Zinc Ahead has announced a game-changing ability to directly submit post-marketing submissions through the FDA’s electronic submissions gateway, saving clients 80% of the time and money involved in this previously time-consuming process.

The FDA recently announced that from 15 June 2015 they will accept Promotional 2253 submissions in eCTD using the new Module 1 (v3.3). Life Sciences companies will be required to submit all Post-marketing Promotional Materials (Form FDA 2253 Submissions) and Pre-submissions of Promotional Materials for Accelerated Approval Products (subpart H and subpart E) electronically 24 months after their final guidance is issued.
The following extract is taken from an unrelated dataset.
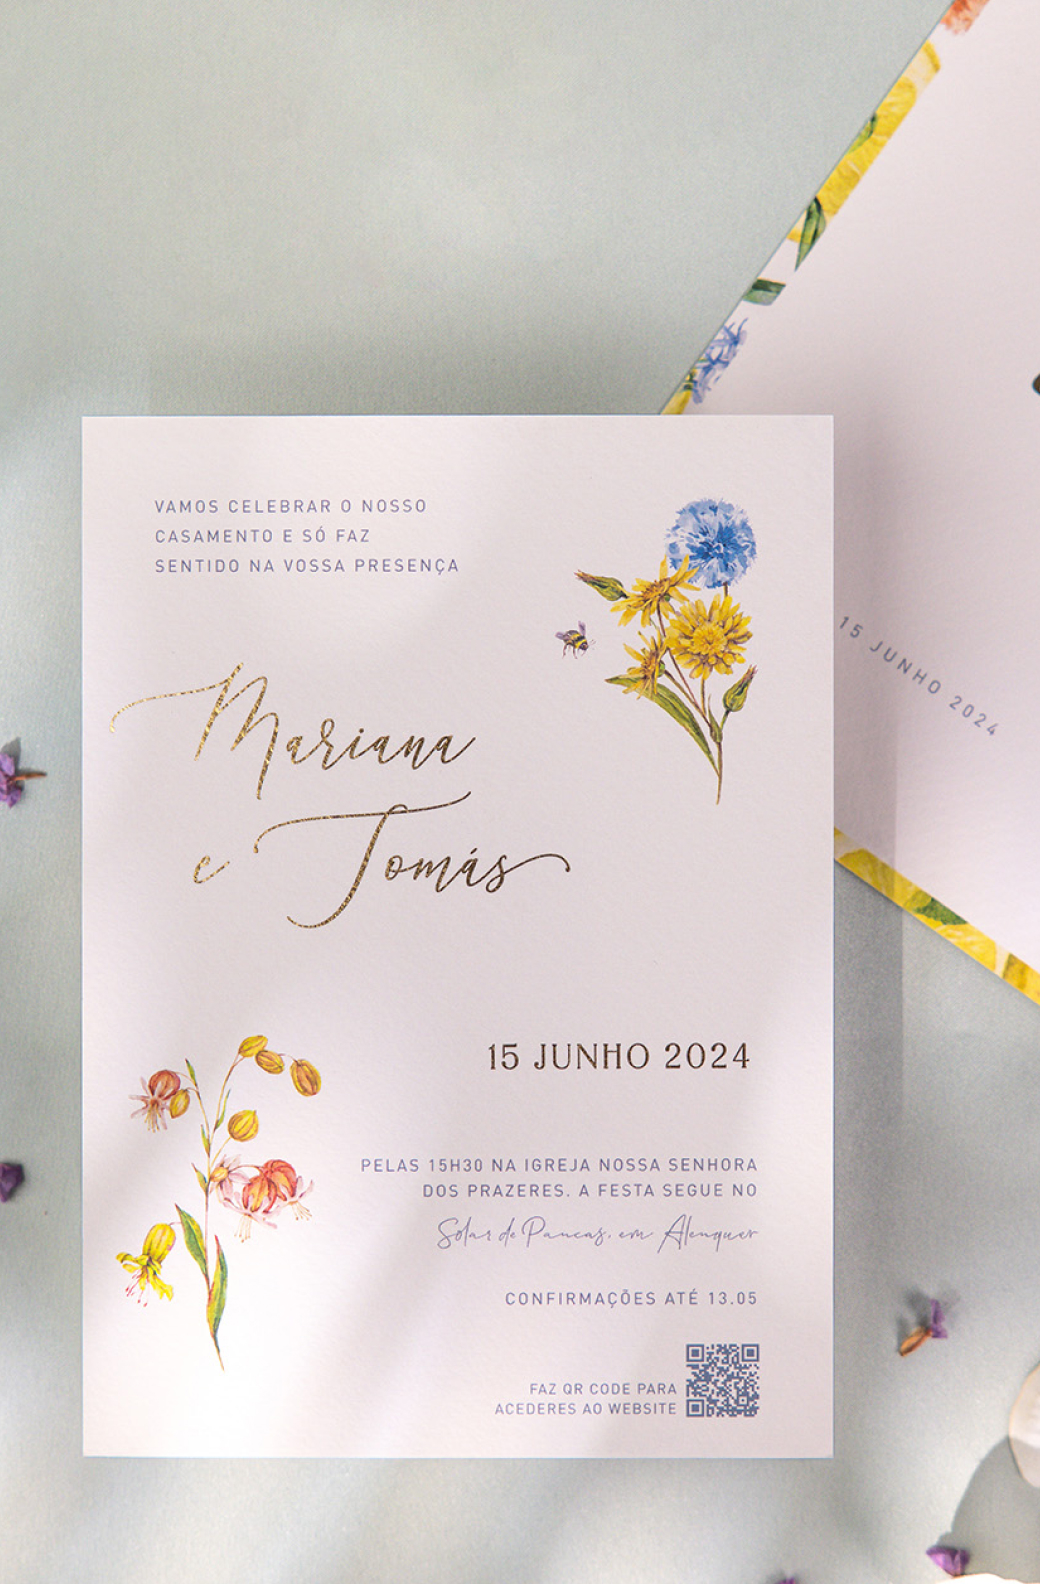 <a style="color:white;" href="https://pergaminho.design/convites-de-casamento/convites-florais/">Convites Florais</a>

Zinc’s flagship product, Zinc MAPS, offers an end-to-end process which facilitates the review, approval and direct eCTD submission to the FDA gateway in a contained, compliant software solution and will be available on the date that the gateway opens. No other third party integration products are required.

Zinc clients have the option to either directly submit the eCTD Submission package from Zinc MAPS to the FDA ESG or they can choose to have the eCTD Submission package delivered to their desktop or a secure server.

“Zinc continues to monitor the industry and stay ahead of its clients’ needs through continuous innovation in its product solutions,” said Dom Eaton, President of Product & Professional Services at Zinc. “Our latest enhancement to the Zinc MAPS product provides our clients a solution to streamline a submission resulting in reduced time and costs associated with compiling, packaging and shipping submissions to the FDA. Our clients can realize a savings of up to 80% with this solution versus manual submission preparation and physical materials.” 

Zinc will enhance this functionality with the release of Zinc MAPS v15 which will convert the 2253 submission package into a validated eCTD format. Other enhancements to the 2253 submission process in Zinc MAPS v15 include the ability to create multiple submissions for jobs containing products from different centers and/or application types, the ability to edit submissions before sending to the FDA, the ability to create submissions of jobs that share a primary or secondary brand, the ability for the 2253 Admin to filter jobs on Brand, Audience and Dissemination Date, and enhancements to the 2253 Admin area.

Dale Cooke, an independent FDA regulatory expert at PhillyCooke Consulting said: “Making eCTD submissions available now shows that Zinc is committed to making the submission of post-marketing promotional materials to the FDA fast and simple. This gives Zinc clients the ability to begin implementing eCTD well ahead of it becoming a requirement and will help companies ensure compliance.” PhillyCooke Consulting helps companies develop compliant communications for FDA-regulated products.